(INFORMATION PROVIDED Opens)
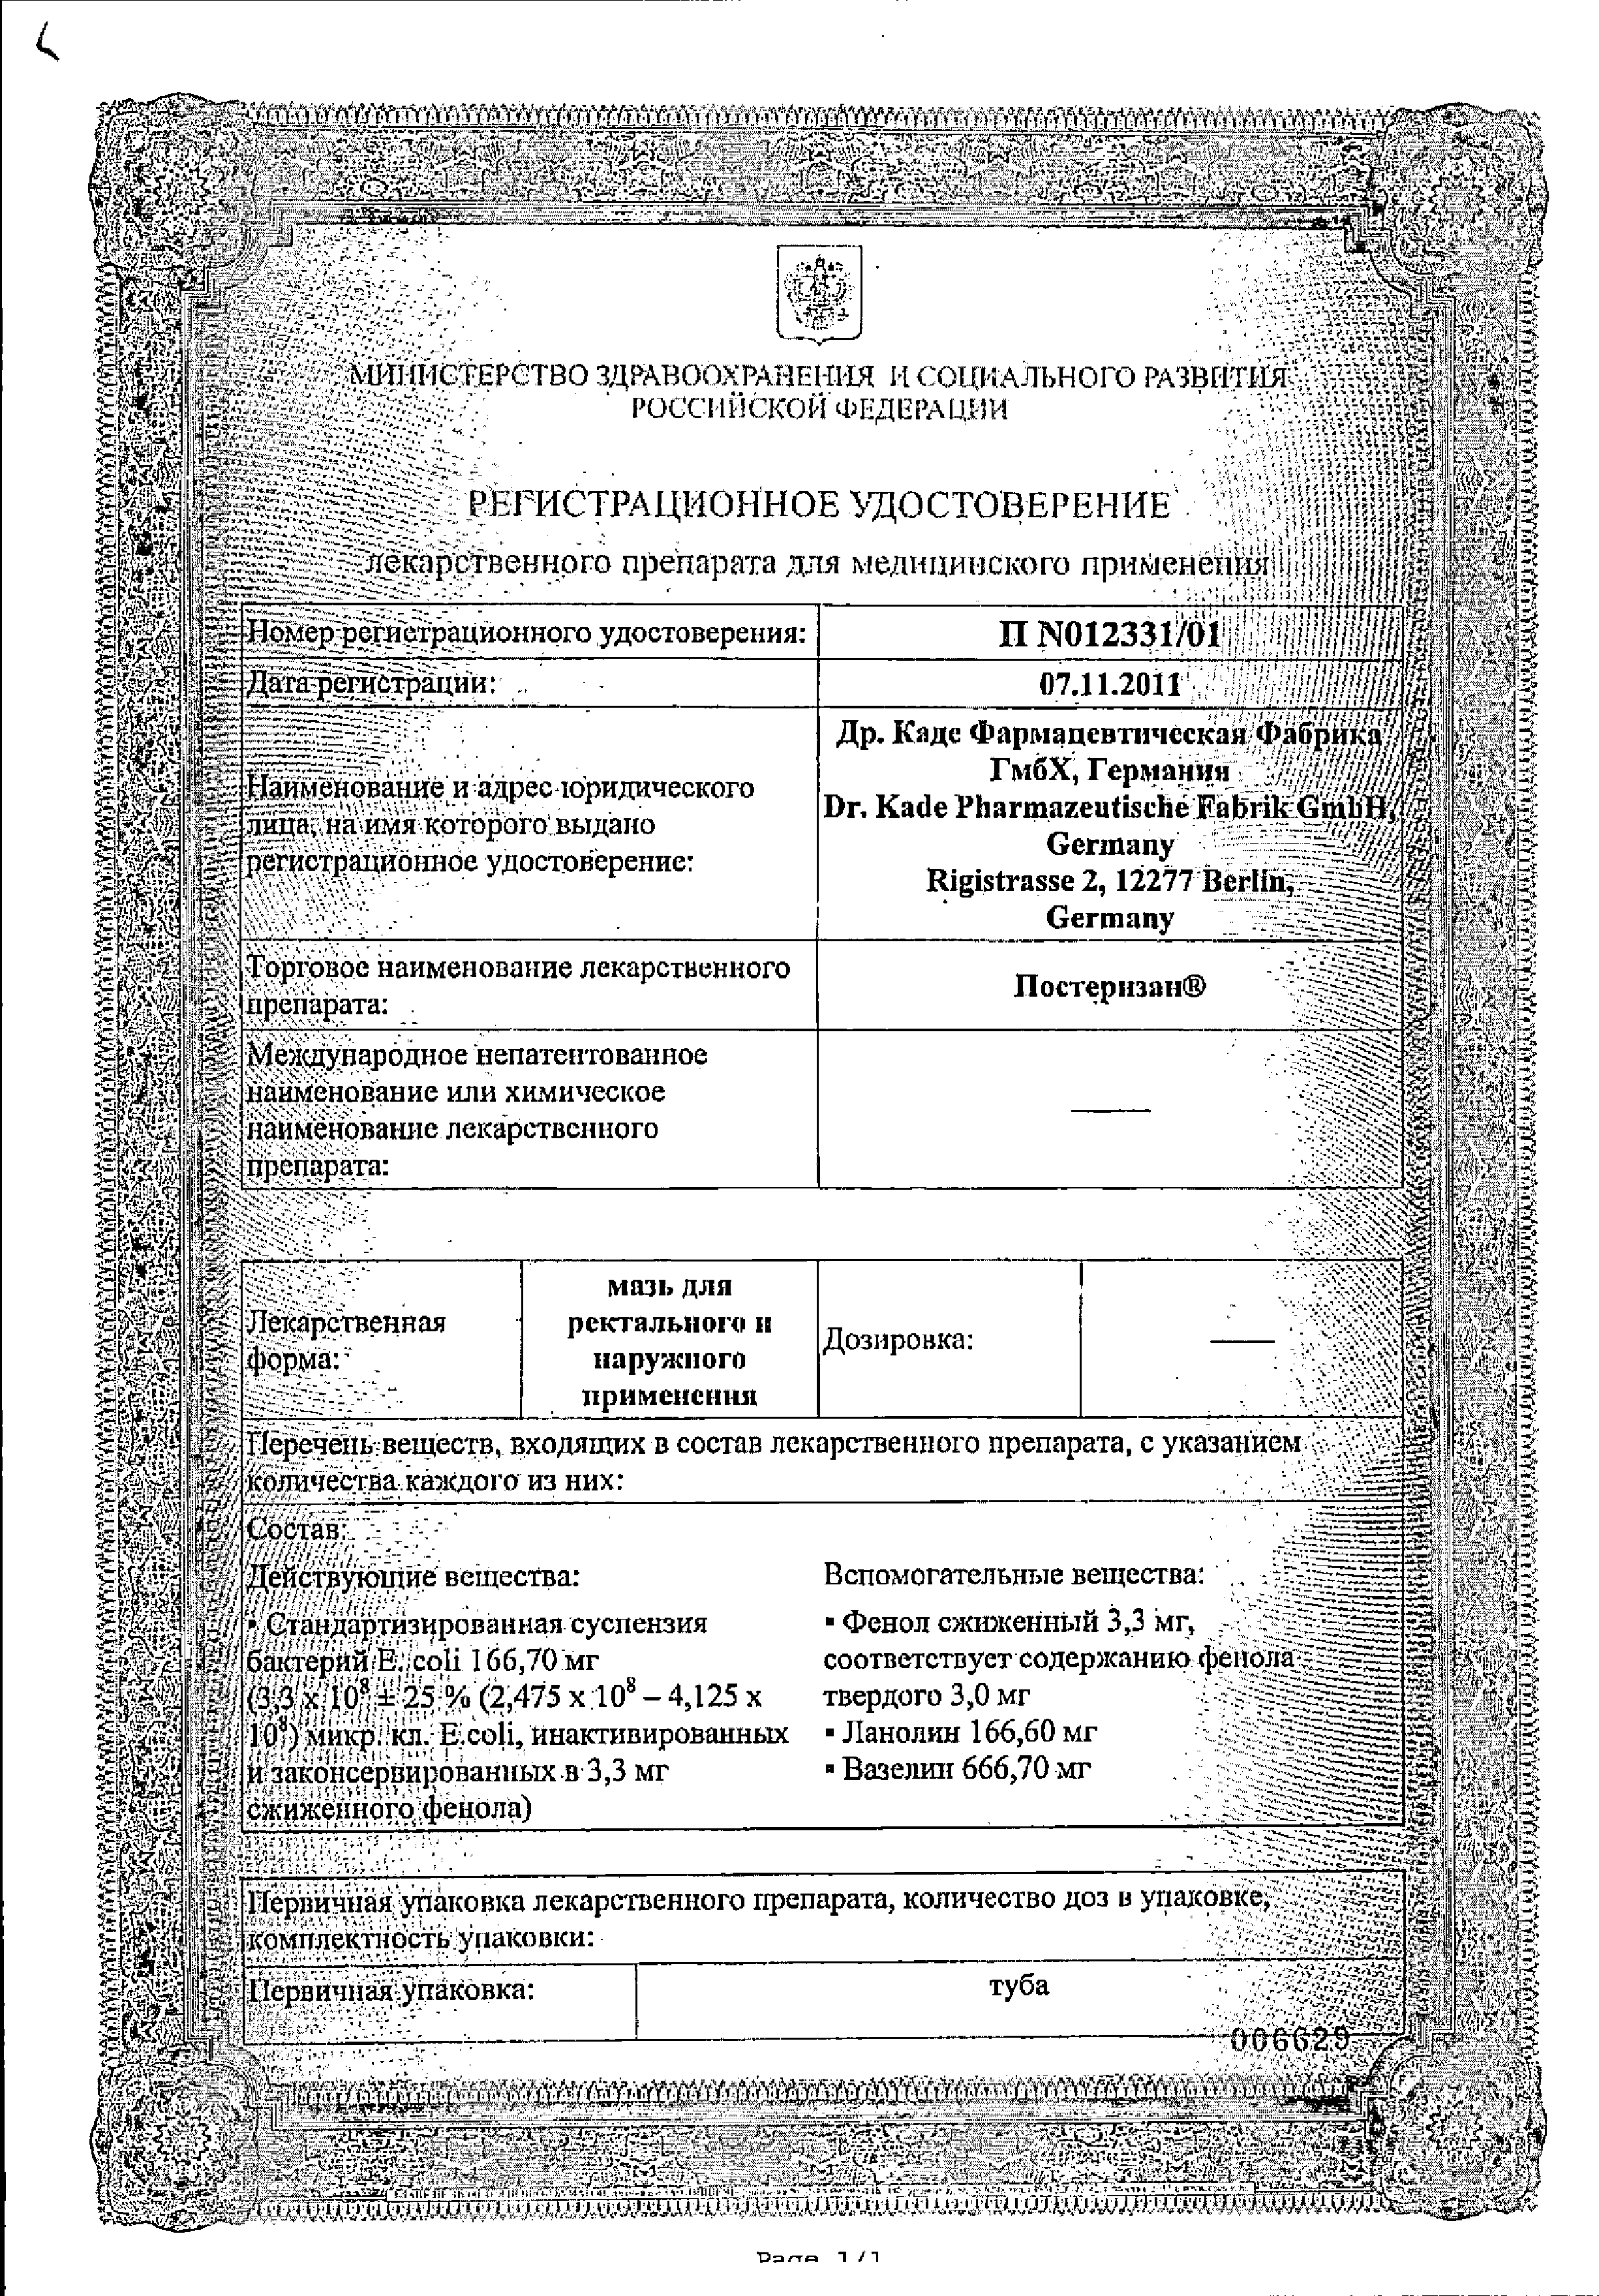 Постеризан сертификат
(INFORMATION PROVIDED Closes)
(INFORMATION PROVIDED Opens)
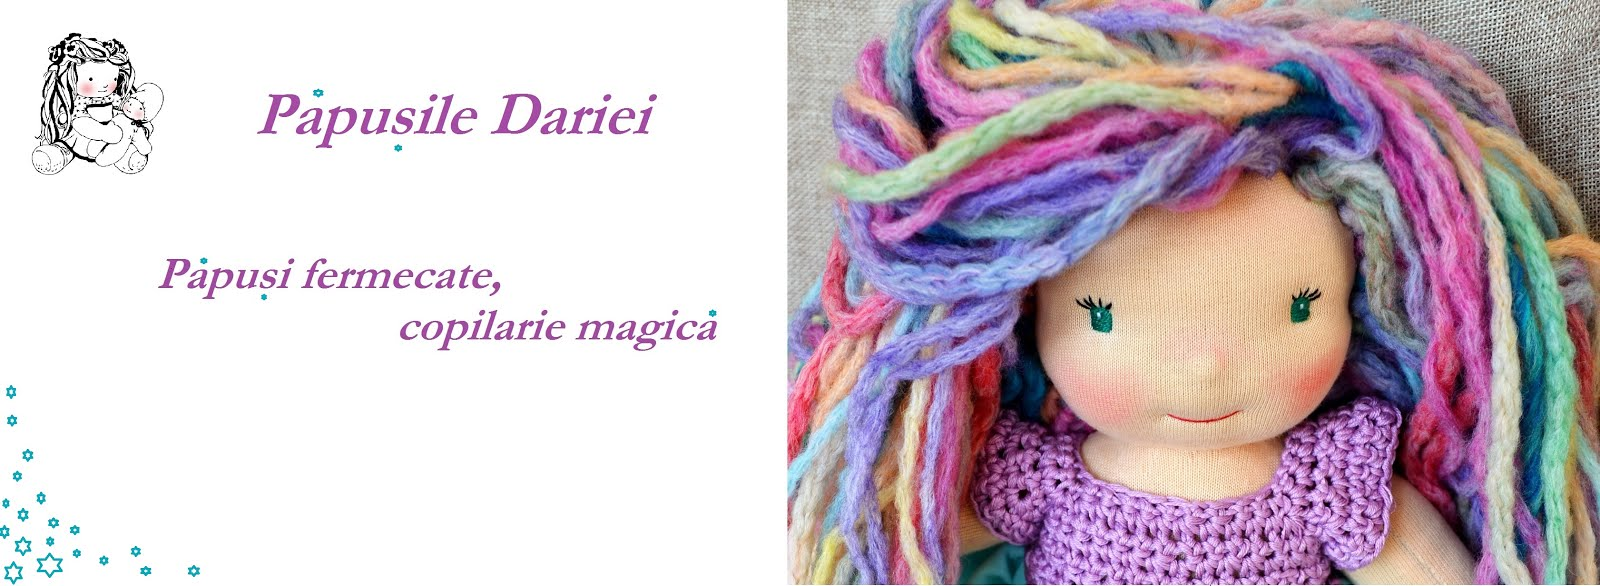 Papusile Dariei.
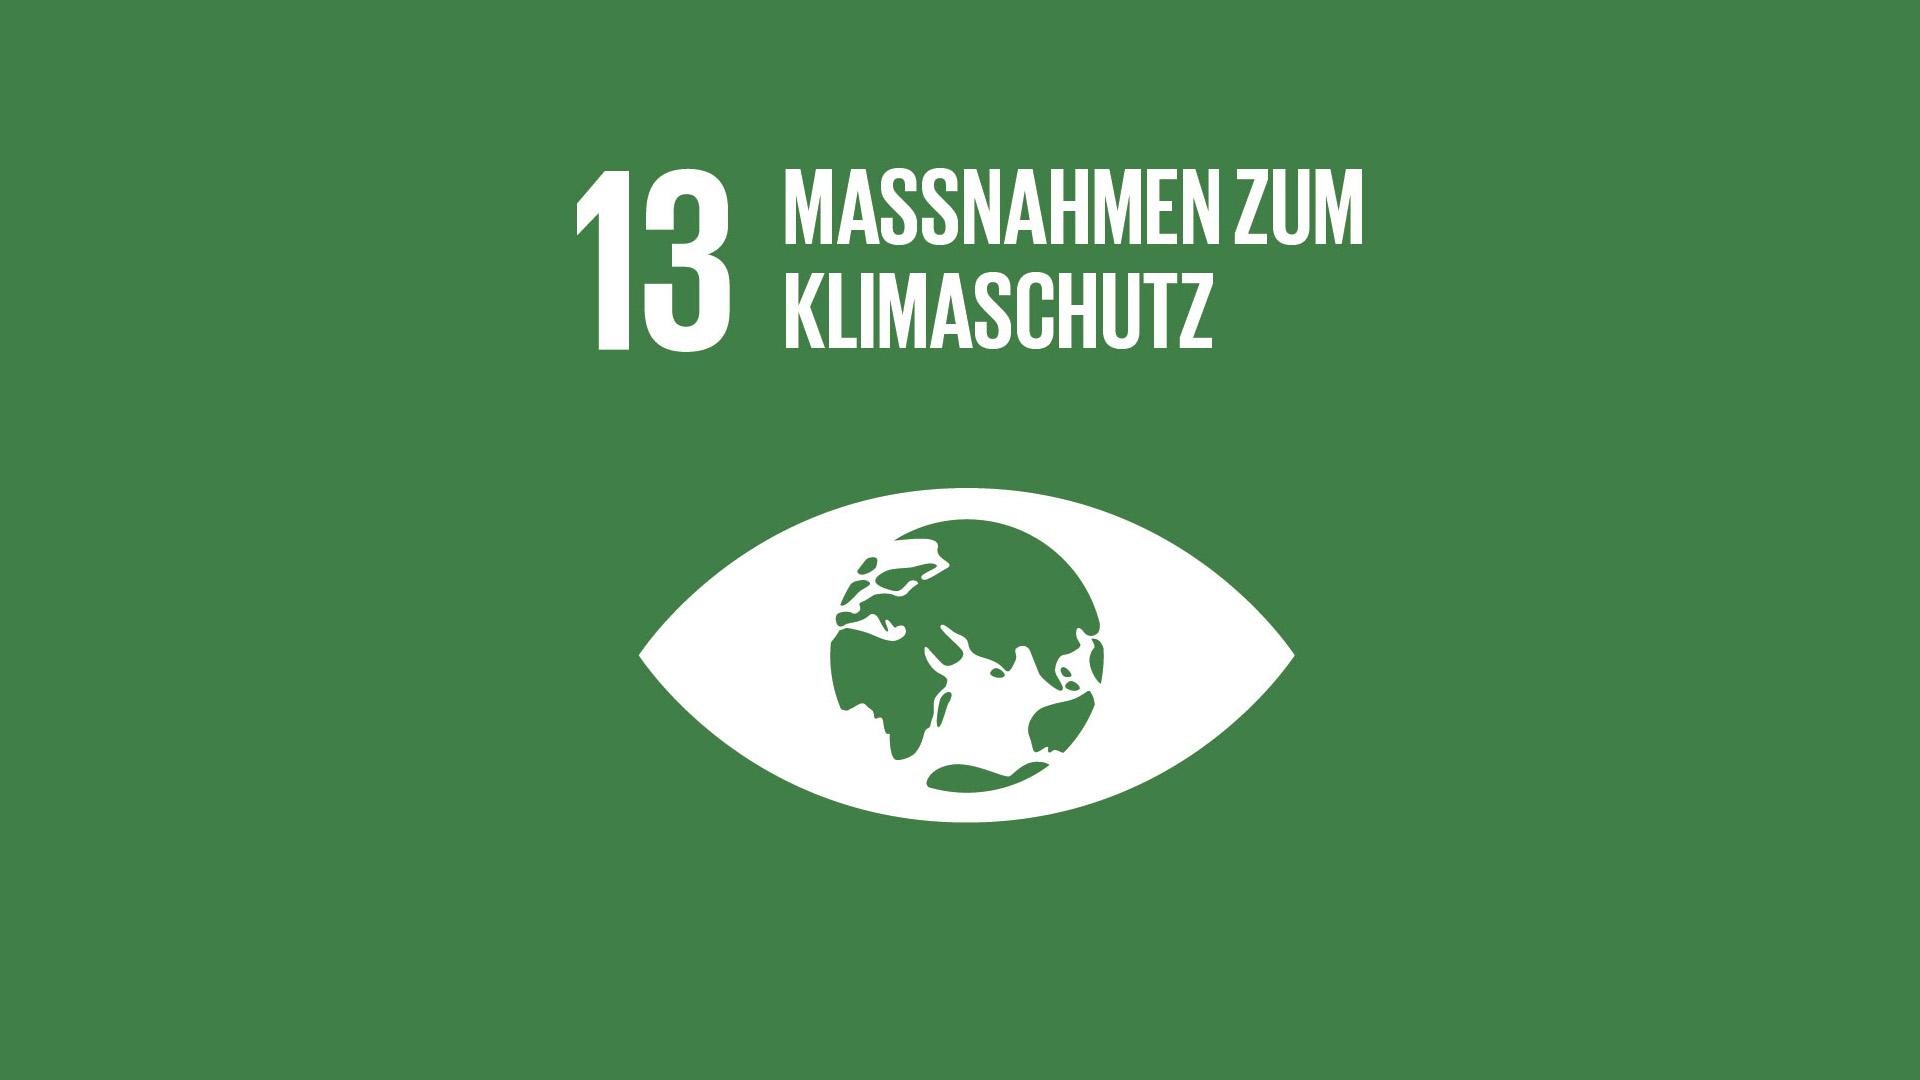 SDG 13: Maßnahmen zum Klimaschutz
(INFORMATION PROVIDED Closes)
## WHAT IS BEING ASKED
Take the material above and output only the lines from the one that contains "Papusile Dariei." through the one that contains "SDG 13: Maßnahmen zum Klimaschutz", ends included and images left out.

## SOLUTION TO THIS TASK
 Papusile Dariei.
 SDG 13: Maßnahmen zum Klimaschutz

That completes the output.